Critics Respond to Bitcoin Proposals

In a comment posted on October 21, Matthew Sigel, head of digital asset analysis at VanEck, stated that the Minneapolis Fed had joined the European Central Bank in its criticism of Bitcoin, noting the institution "fantasizes about ‘legal prohibition’ and extra taxes on BTC to ensure govt debt remains the ‘only risk-free security.'"

Past Research Supports Bitcoin?

Meanwhile, Dan McArdle, co-founder of Messari, uncovered a paper titled "Money is Memory" from 1996 published by the Minneapolis Fed. This article, in an intriguing twist, argued in favor of Bitcoin twelve years before its creation.

According to the article, money is "equivalent to a primitive form of memory," "available in fixed supply," and does not "enter production."

ECB Joins Bitcoin Criticism

Claiming that older Bitcoin holders are benefiting at the expense of newer ones, the ECB published a document on Oct. 12. It contended that the asset's price should be capped or outlawed entirely to prevent any further regulation.
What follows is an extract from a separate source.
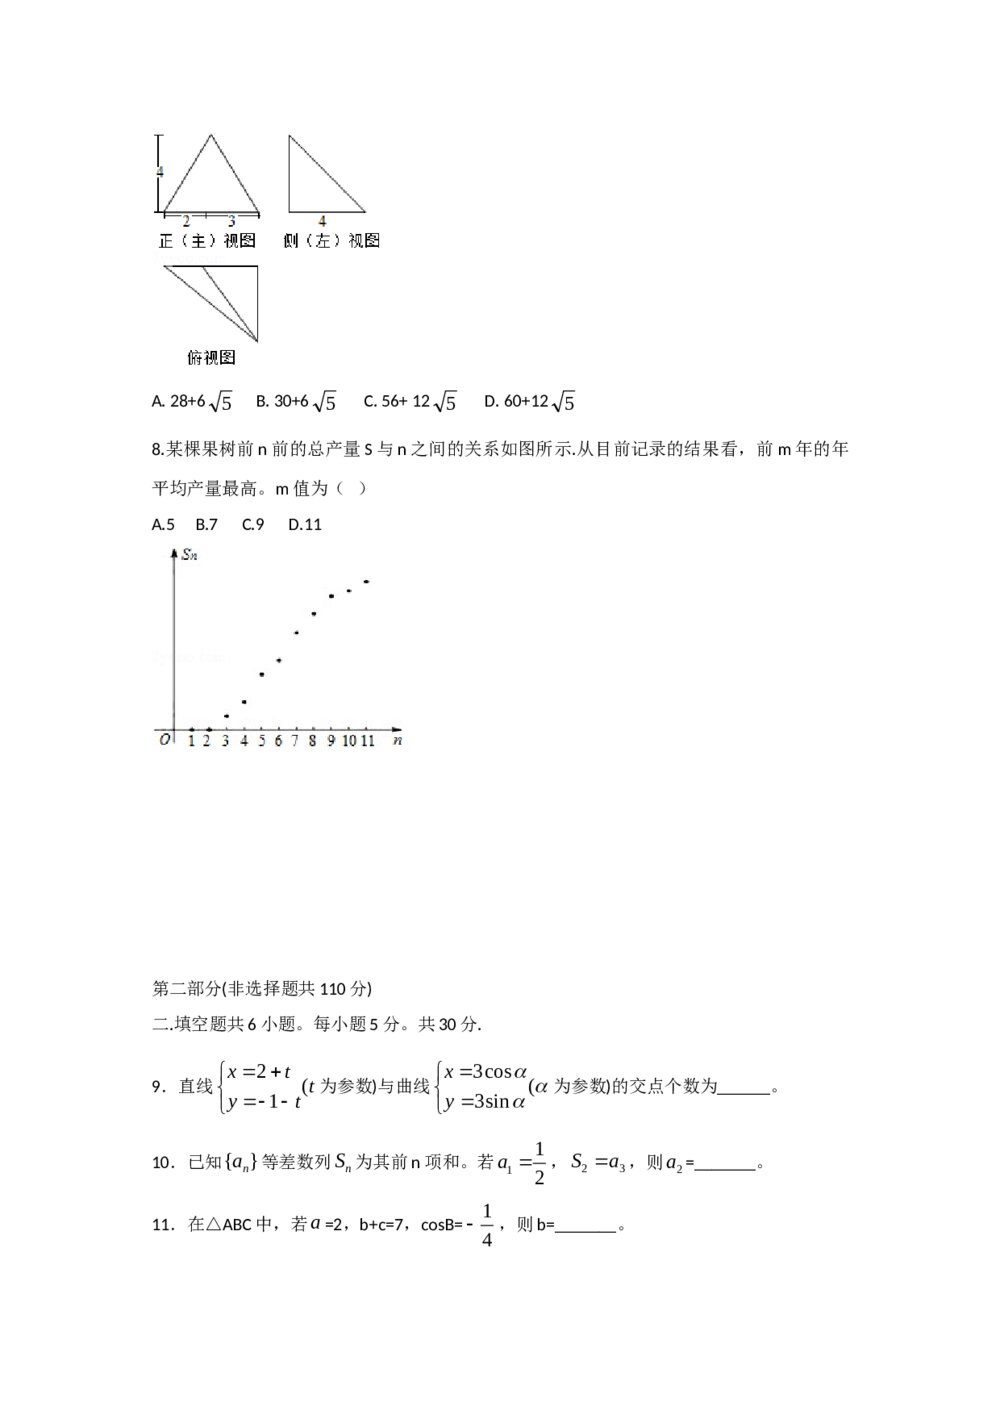 2012年北京高考(理科)数学试卷+参考答案解析3

Posting on X on October 20, Jürgen Schaaf, an advisor to the ECB's senior management, joined the growing chorus arguing against Bitcoin.

His reasoning was as follows: "There are compelling reasons to advocate for policies that curb Bitcoin’s growth or even eliminate it." He said, "Non-holders should recognize that Bitcoin’s rise is fueled by wealth redistribution at their expense."